敵と味方で殺し合う前半のシーンも相当残酷だったのですが、味方同士で殺し合う後半部分が私は一番怖かった。
主人公の友だちは、リーダーに流されず、リーダーを崇拝する皆の勢いに流されず、冷静に正しい判断をした。自分の頭で考えて、勇気を出して「正しいこと」をしようとした。
それなのに、その「正しさ」が、人を傷つけ自分も傷つけられ、その結果、仲間同士で殺し合うという最悪の事態を招いてしまう。
怖いのは戦争ではなくて、人間社会の中に潜むこういう理不尽な構造なのではないか。そんな重たい問いを最後の最後に投げかけられたような気がしました。

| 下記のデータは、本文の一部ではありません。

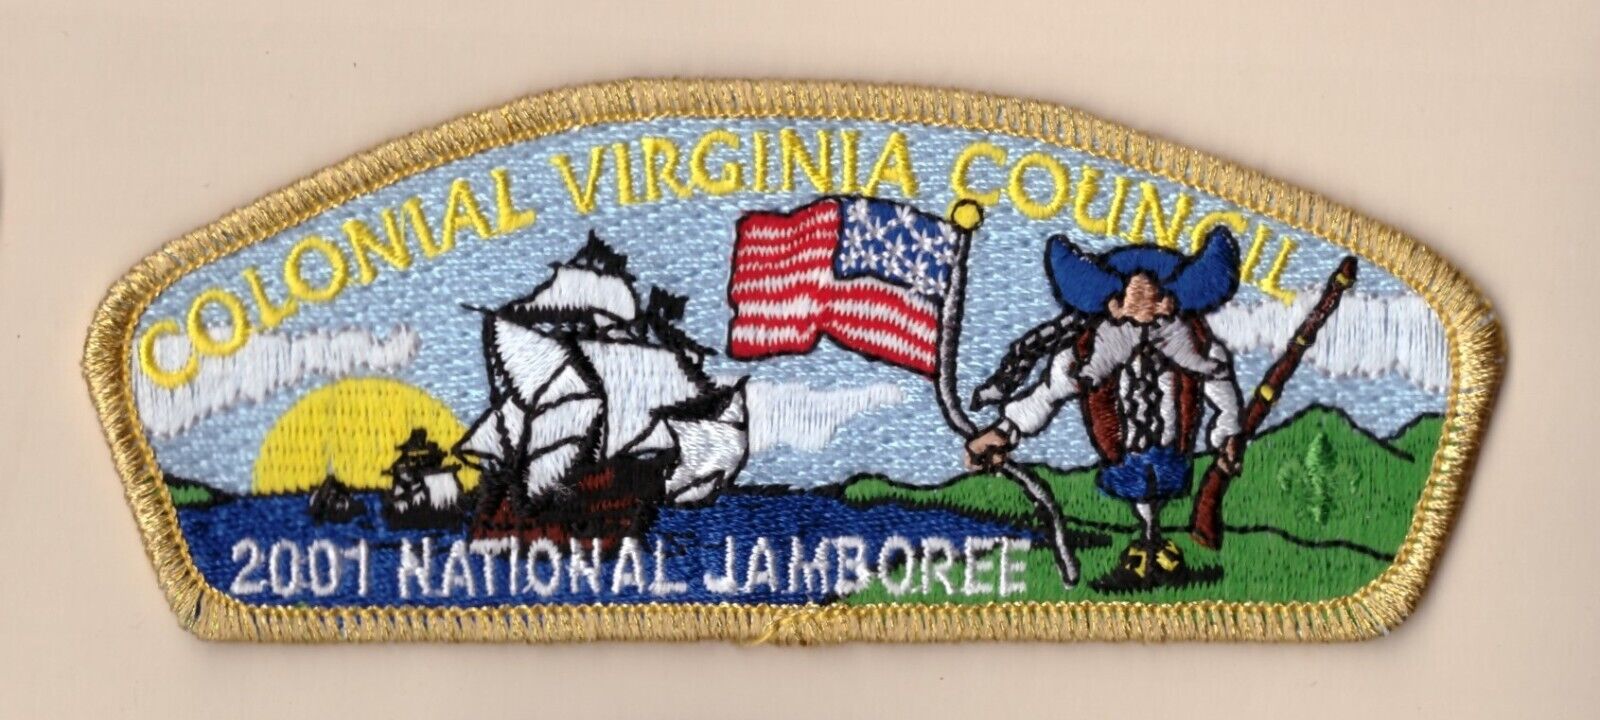 JSP 2001 -  Colonial Virginia Council - Mint - VA

それでも、だから人間はだめなんだよ、ということではなくって、流されずに「正しいこと」をしようとした人が映画の中でクローズアップされたこと。そしてその映画をたくさんの人が観たこと。そこに希望があるように私は感じました。
戦争はよくないよね。という教訓以外に、「強い声にに盲目的に従うような土壌は時に悲劇を生むよね」と、そういう教訓を観客が持ち帰ることができたのなら、それはこの平和な世の中にあっても生かせる大切な教訓なんだと思う。
仲間同士で殺し合うことになったシーンが一番怖かったけれど、そこにこそ大きなメッセージがある。そんな風に思いながら、何日も何日も映画の余韻にひたり続けています。